In the vast majority of Arapahoe cases, both parents of a minor child or children adhere to the conditions of any custody arrangements the parents are legally bound to follow. Modifications to child custody orders are generally made in court and adopted without major incident. Sometimes, however, one or both parents decide to take the law into their own hands.
Cases in which children are abducted can be very traumatic for the youngsters involved, as well as for parents and other family members who are left behind. This month, an arrest warrant was issued for a 22-year-old mother who allegedly absconded with her 2-year-old son instead of returning him to his father after her scheduled visitation. At the time of the abduction, the child's father had legal custody of the youngster.

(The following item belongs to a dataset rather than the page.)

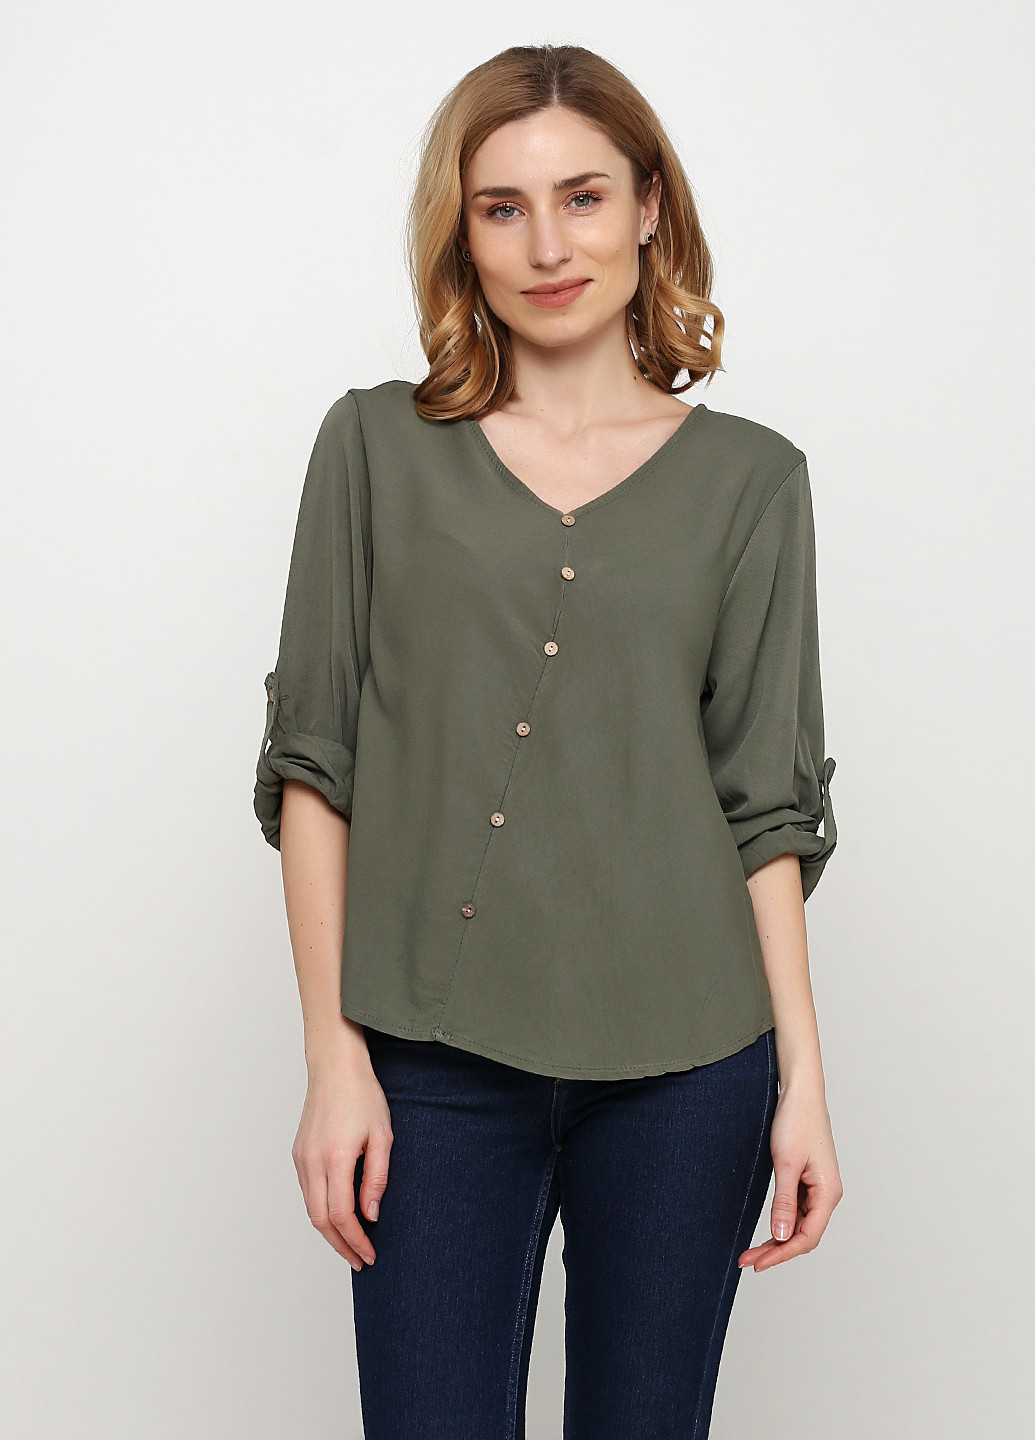 Серо-зеленая демисезонная блуза Made in Italy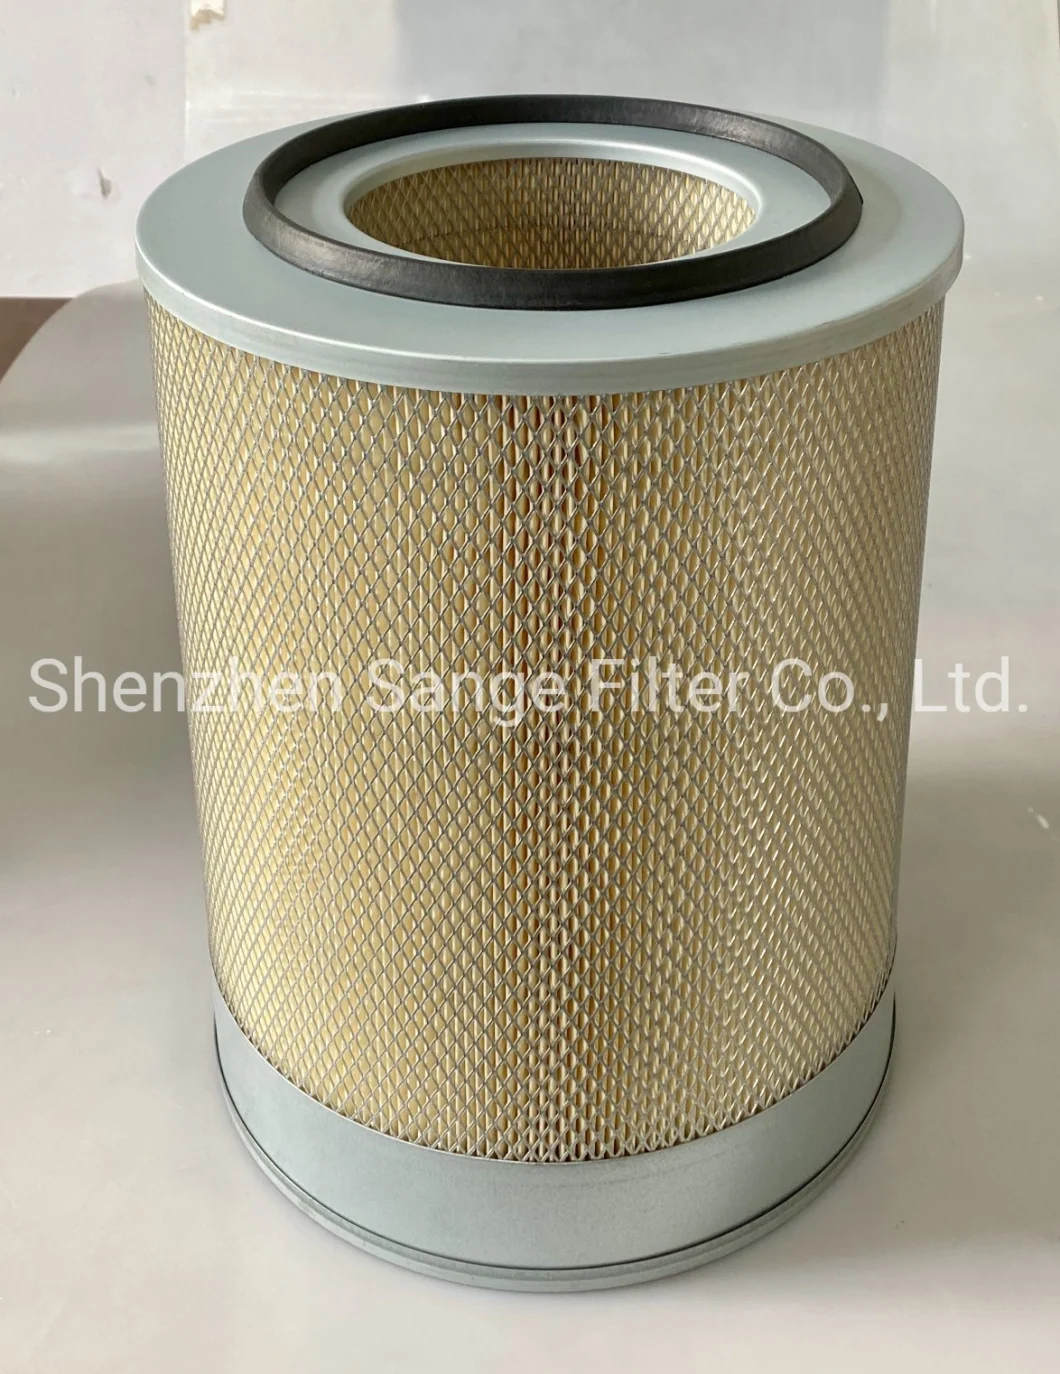 High Efficiency Air Compressor Parts Air Purifier Air Filter 88290001-469 2250125-365 2250127-684

When she was contacted by a local police detective on Feb. 5 and reminded of her obligation to the court-ordered custody agreement, the mother would not agree to return the boy to his father. She also refused to reveal her location, claiming she was worried about the safety of her son. However, police said that there was no evidence to confirm her allegations.
After the woman left with her son, police became concerned about the possibility of her leaving the state and maybe even the country. As a result, the Center for Missing and Exploited Children and the U.S. Marshal's Service became involved.
Child custody disputes often engender strong emotional responses from all the people involved. Nevertheless, guardians are most likely to avoid charges if they seek legal advice rather than choosing to flee with a child. To ensure that their sons and daughters are returned safely, parents need to inform authorities about the abduction as quickly as possible after the event.